## Exercise objective
Beginning with the line that contains "(Graffiti Series), 1992" and ending with the line that contains "Missguided - Maxi", reproduce the lines of the entries below exactly, omitting pictures.

## Exercise data
··········

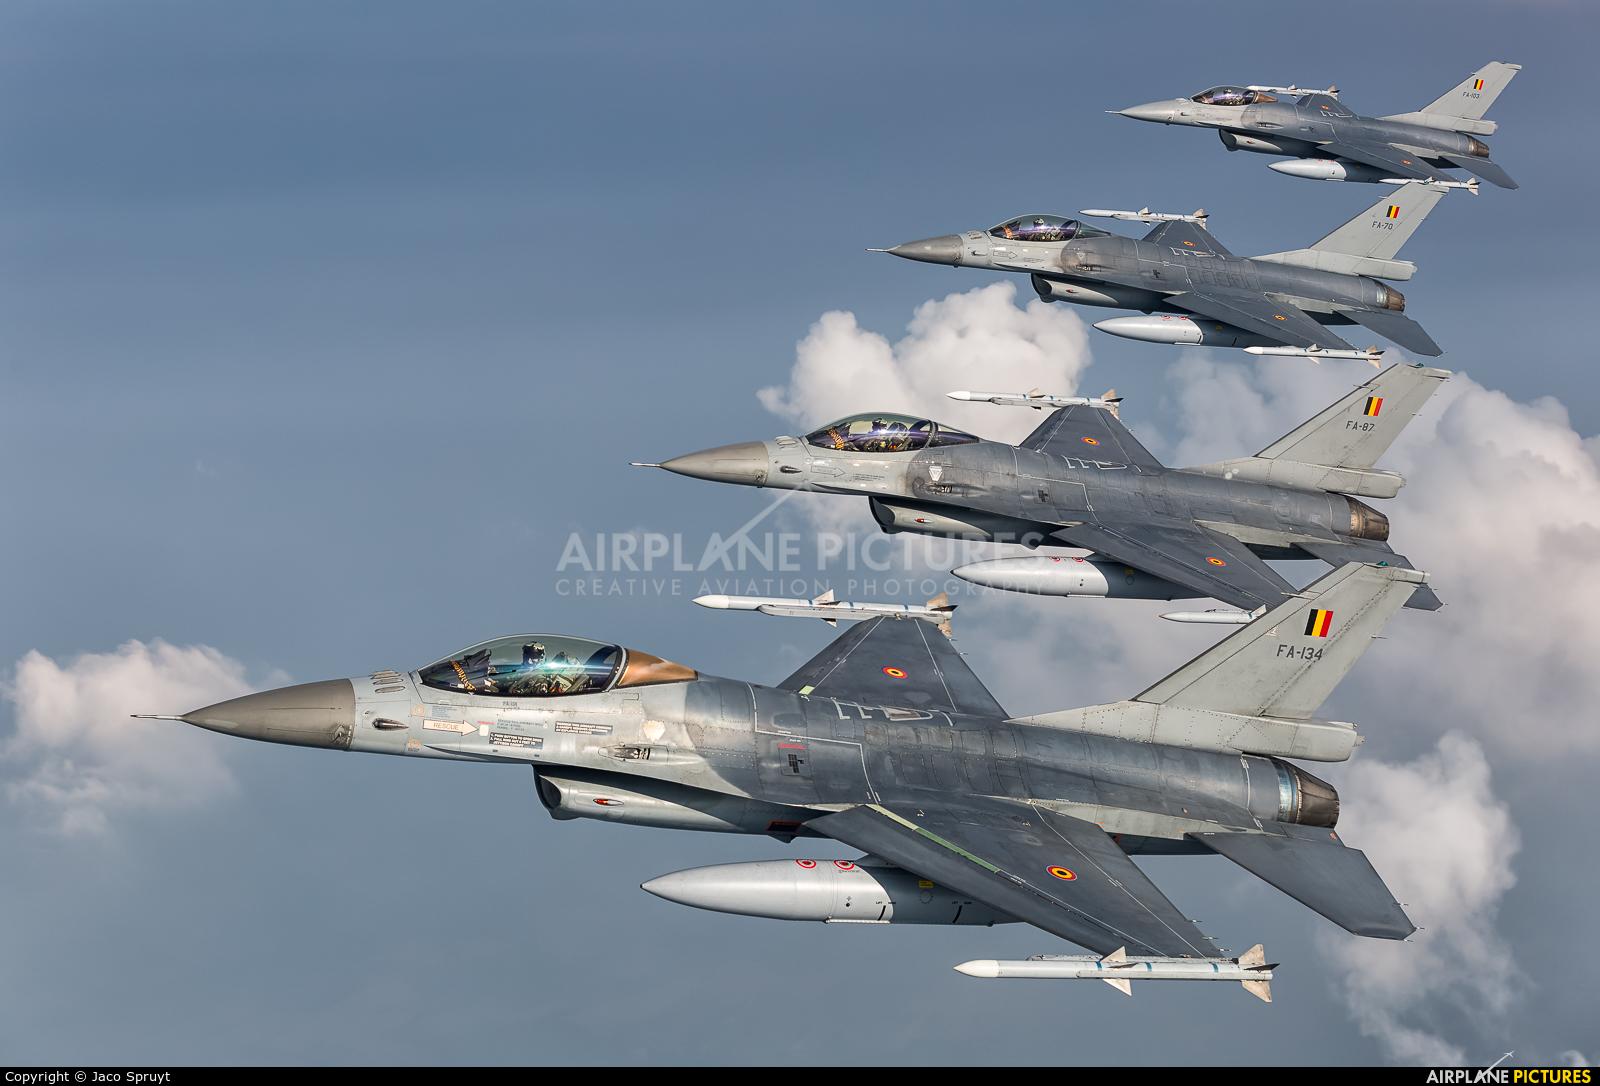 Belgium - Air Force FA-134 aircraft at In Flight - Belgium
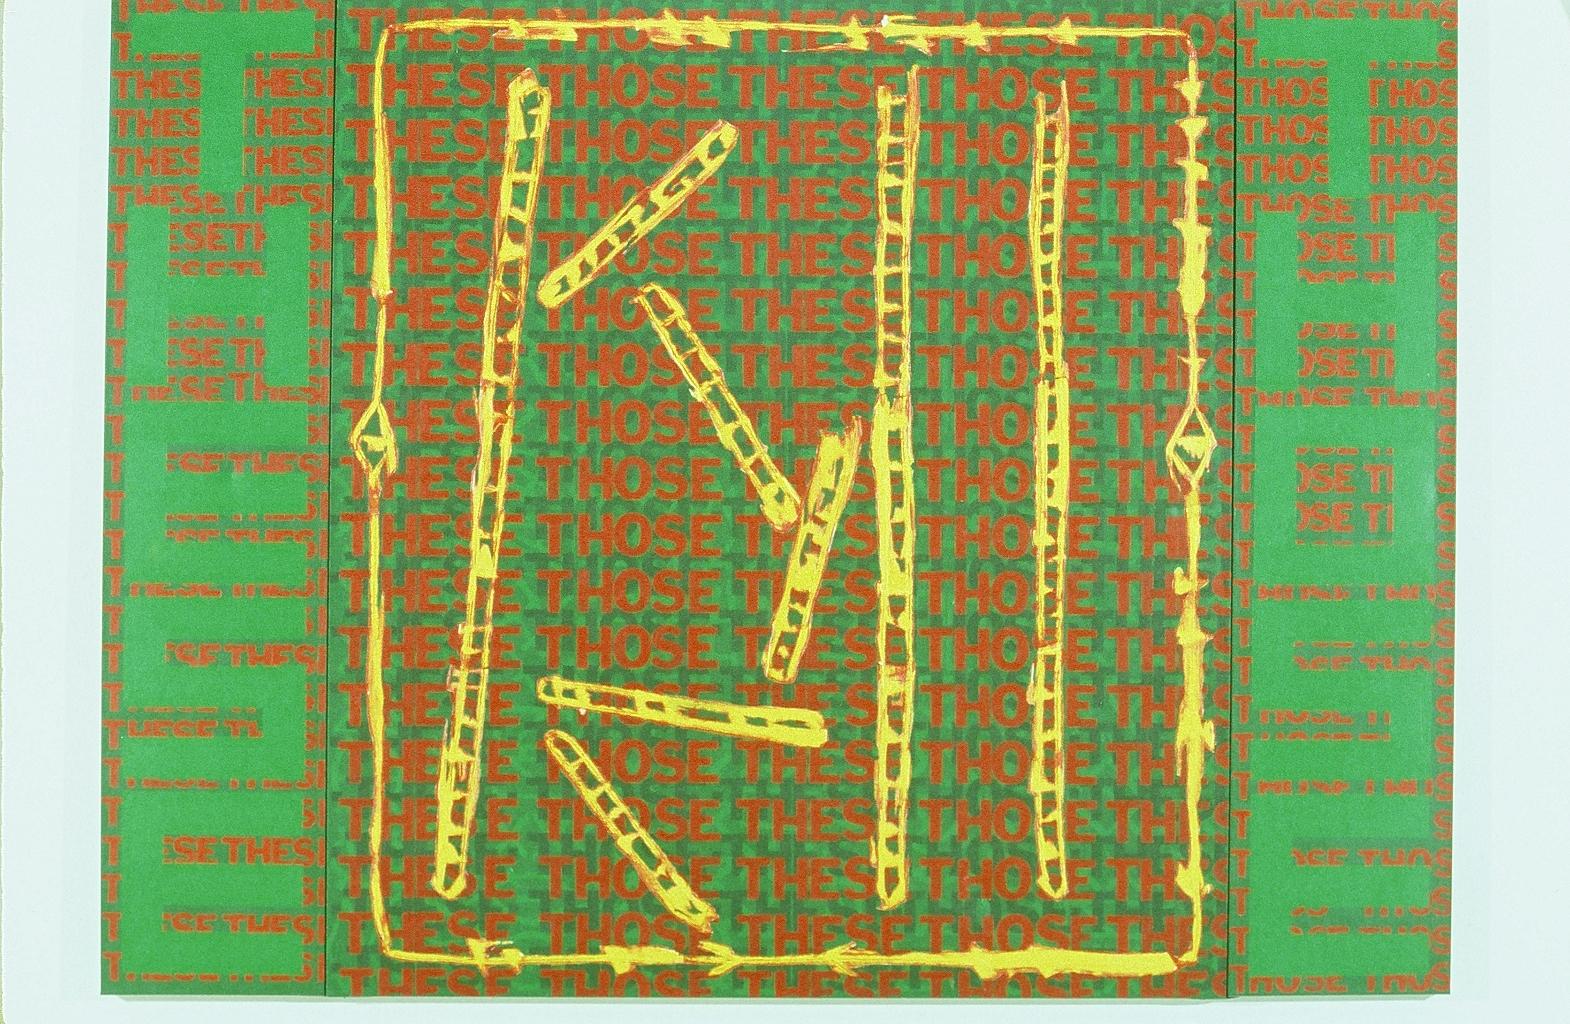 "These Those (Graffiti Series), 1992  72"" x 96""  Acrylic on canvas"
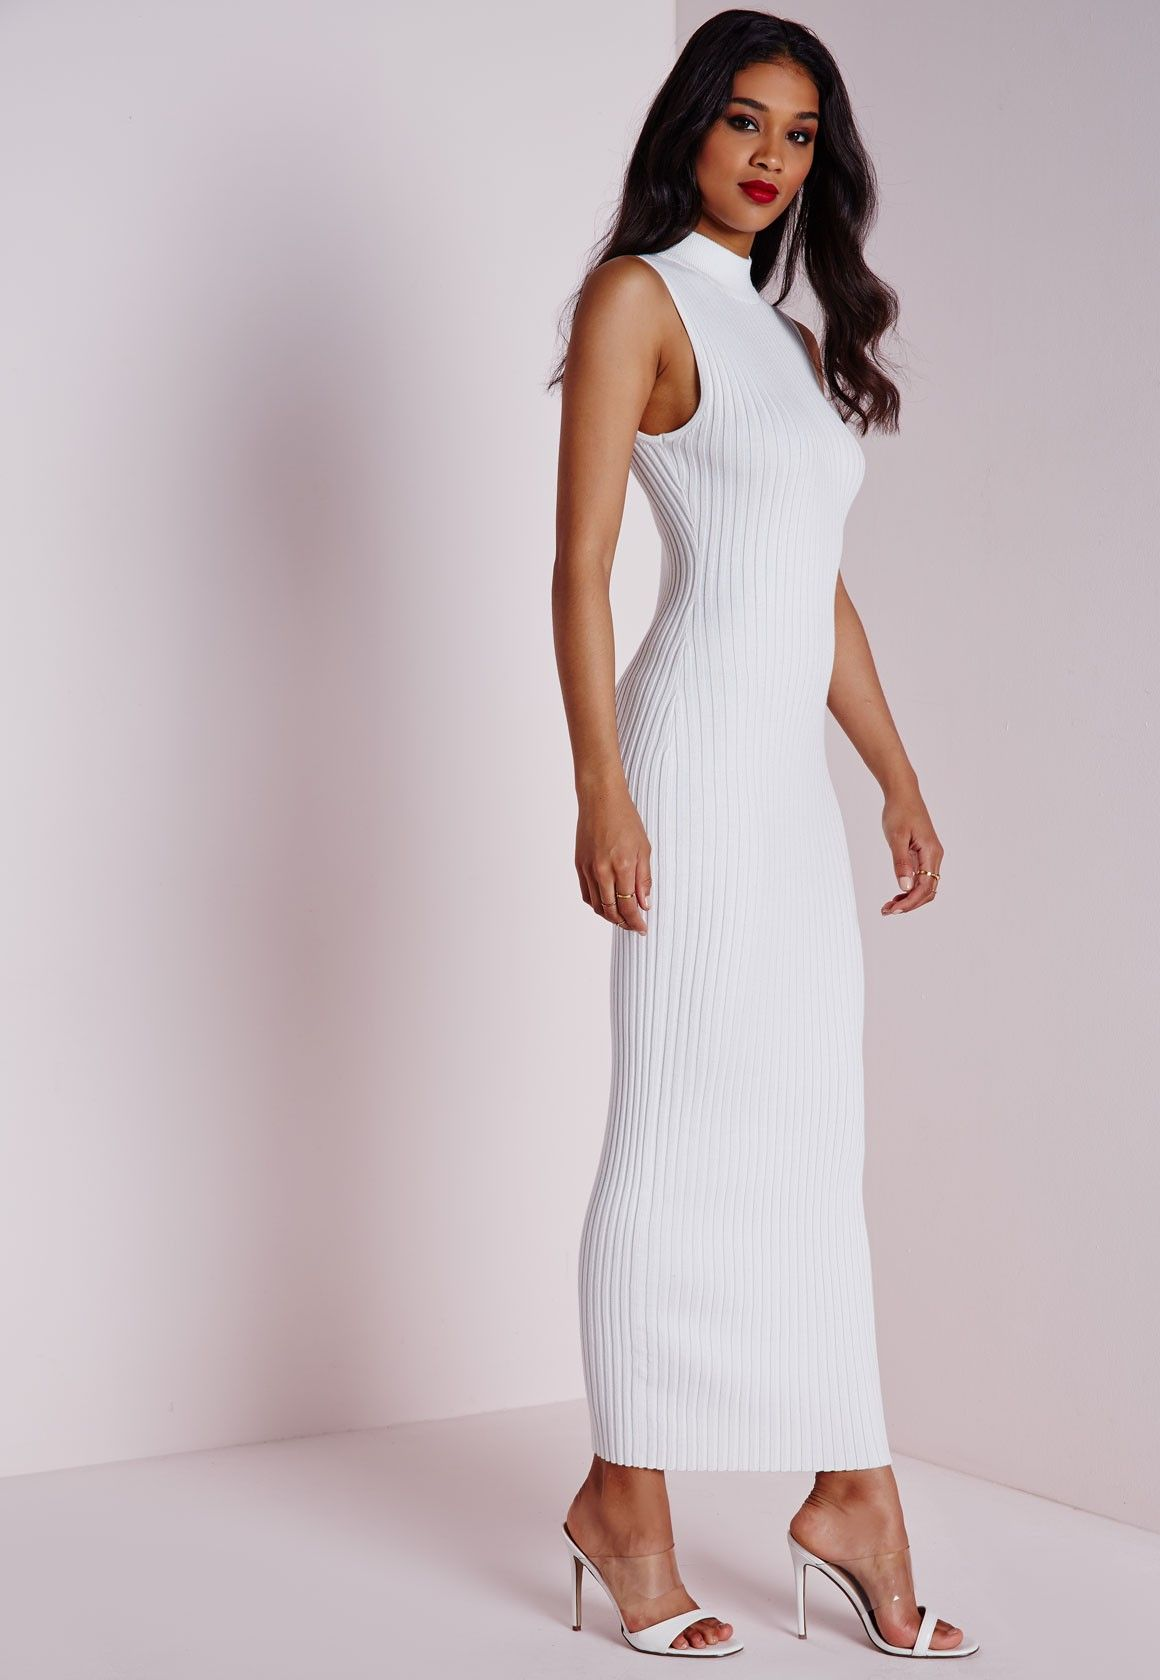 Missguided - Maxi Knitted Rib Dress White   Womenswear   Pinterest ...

··········

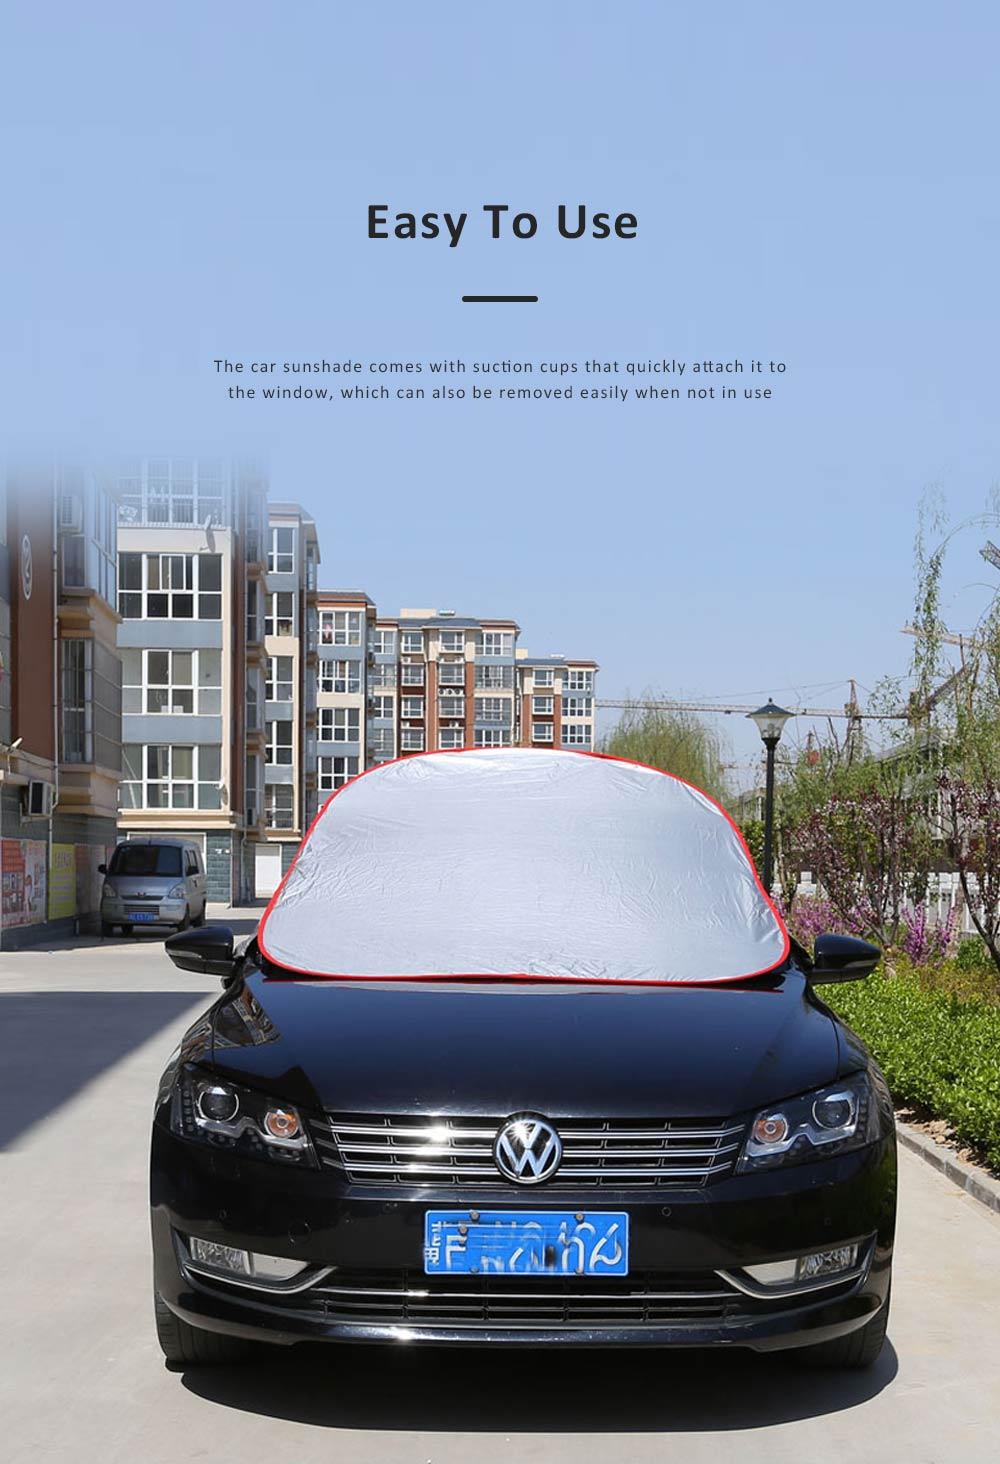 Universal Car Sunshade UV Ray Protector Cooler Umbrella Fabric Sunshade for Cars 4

··········

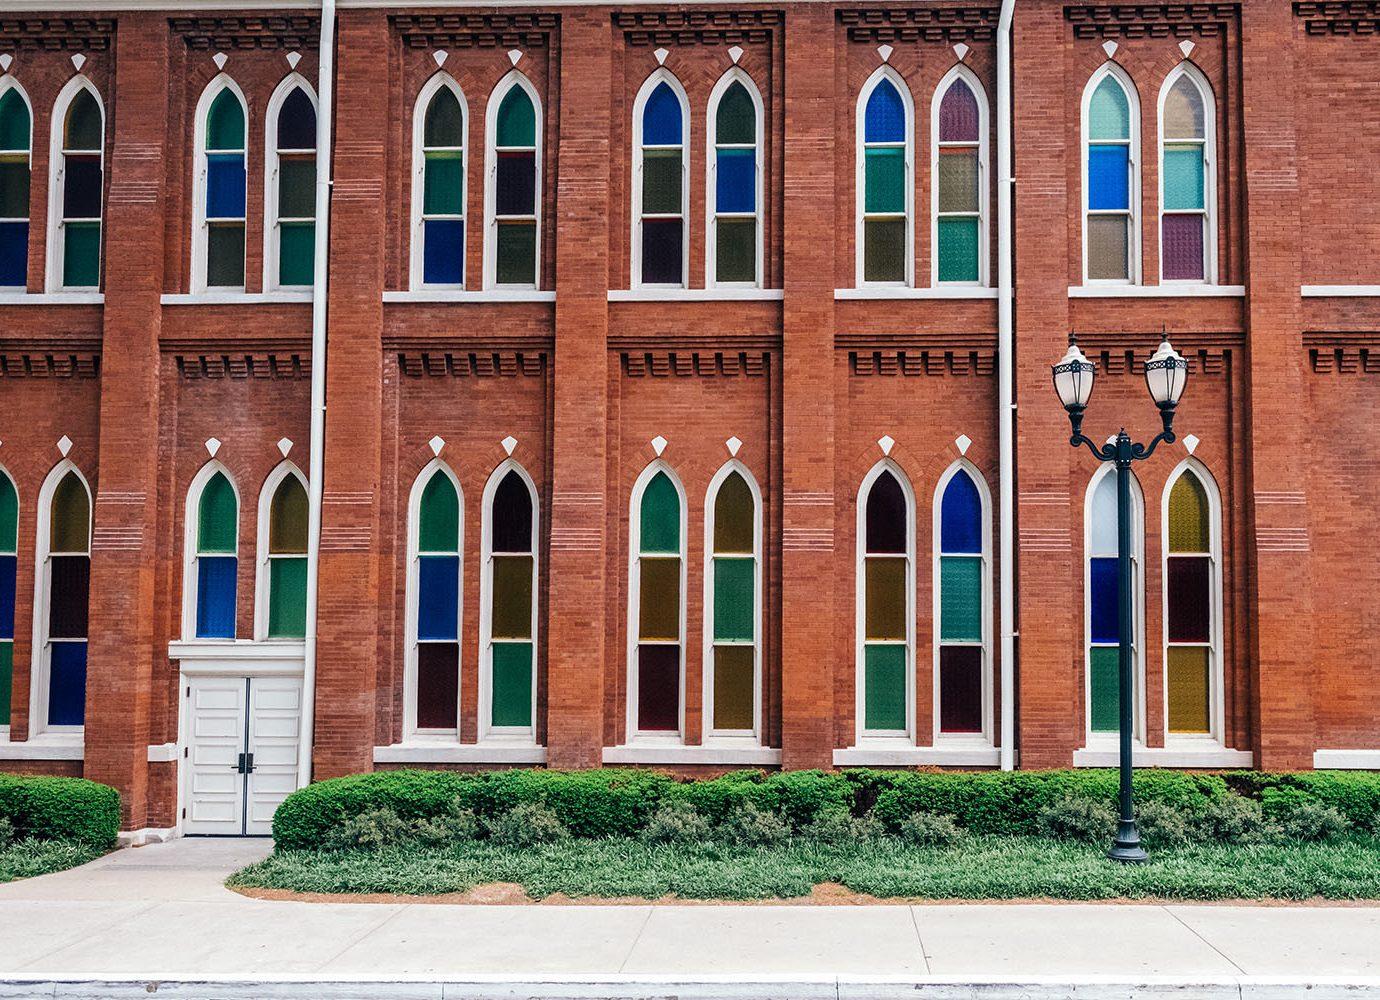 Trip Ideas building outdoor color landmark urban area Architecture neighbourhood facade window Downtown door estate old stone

··········

## The answer
 "These Those (Graffiti Series), 1992  72"" x 96""  Acrylic on canvas"
 Missguided - Maxi Knitted Rib Dress White   Womenswear   Pinterest ...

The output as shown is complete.